– Умоляю, госпожа, – всхлипывала она.
– Прекрати! – прикрикнула графиня, отпихивая камеристку. – Ничего не случилось и не случится. Доберемся до города, я сниму его с тебя, и все дела. Не о чем плакать, дура. Если не будешь снимать плащ, никто никогда не догадается, какое ты сокровище. Вставай и пошли.
Рыдая, Кармино поднялась на ноги и потащилась по ночной дороге вслед за своей хозяйкой.
Темен был лес. Темен и страшен. Непроглядна – дорога. Две женщины, держась за руки и лязгая от страха зубами, как мышки, тихо, брели по камням, прижимаясь к лесу, боясь не столько зверя лесного, сколько лесного человека.
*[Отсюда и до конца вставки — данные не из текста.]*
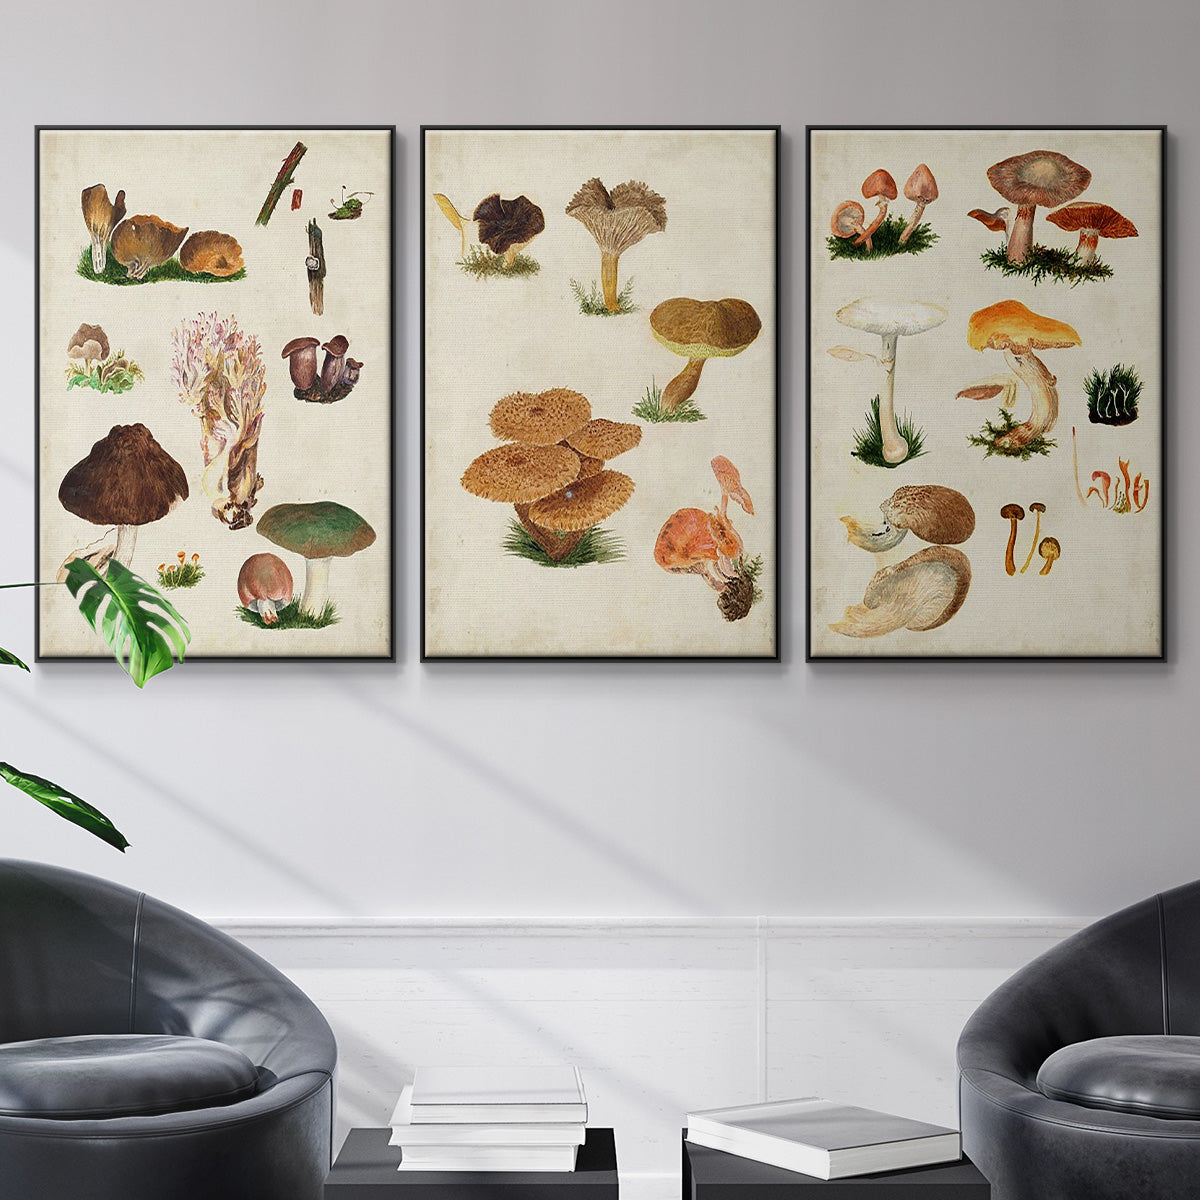 Mushroom Species I - Framed Premium Gallery Wrapped Canvas L Frame 3 Piece Set - Ready to Hang

Но что бы там ни было и как бы там не было, в самый глухой час, перед рассветом, усталость подкосила бедных женщин и заставила их сесть в своих прекрасных нарядах прямо на землю. Холод сроднил госпожу и служанку, и они, обнявшись, молча взирали на темень, думая каждая о своем.
– Какая же все-таки сволочь, этот мой брат! – глубокомысленно заметила Пиро. – Бежать, бросив меня на дороге, польстившись сельской потаскушкой! Зачем, зачем я согласилась поехать на этот приватный вечер маркиза Нери?!
Кармино промолчала, ибо ей на ум пришла та же мысль.
– Ты права, – продолжила госпожа. – Он заслуживает палок. Нет, он заслуживает смерти, хотя это было бы слишком щадящим наказанием для этого выродка. Прости, Господи!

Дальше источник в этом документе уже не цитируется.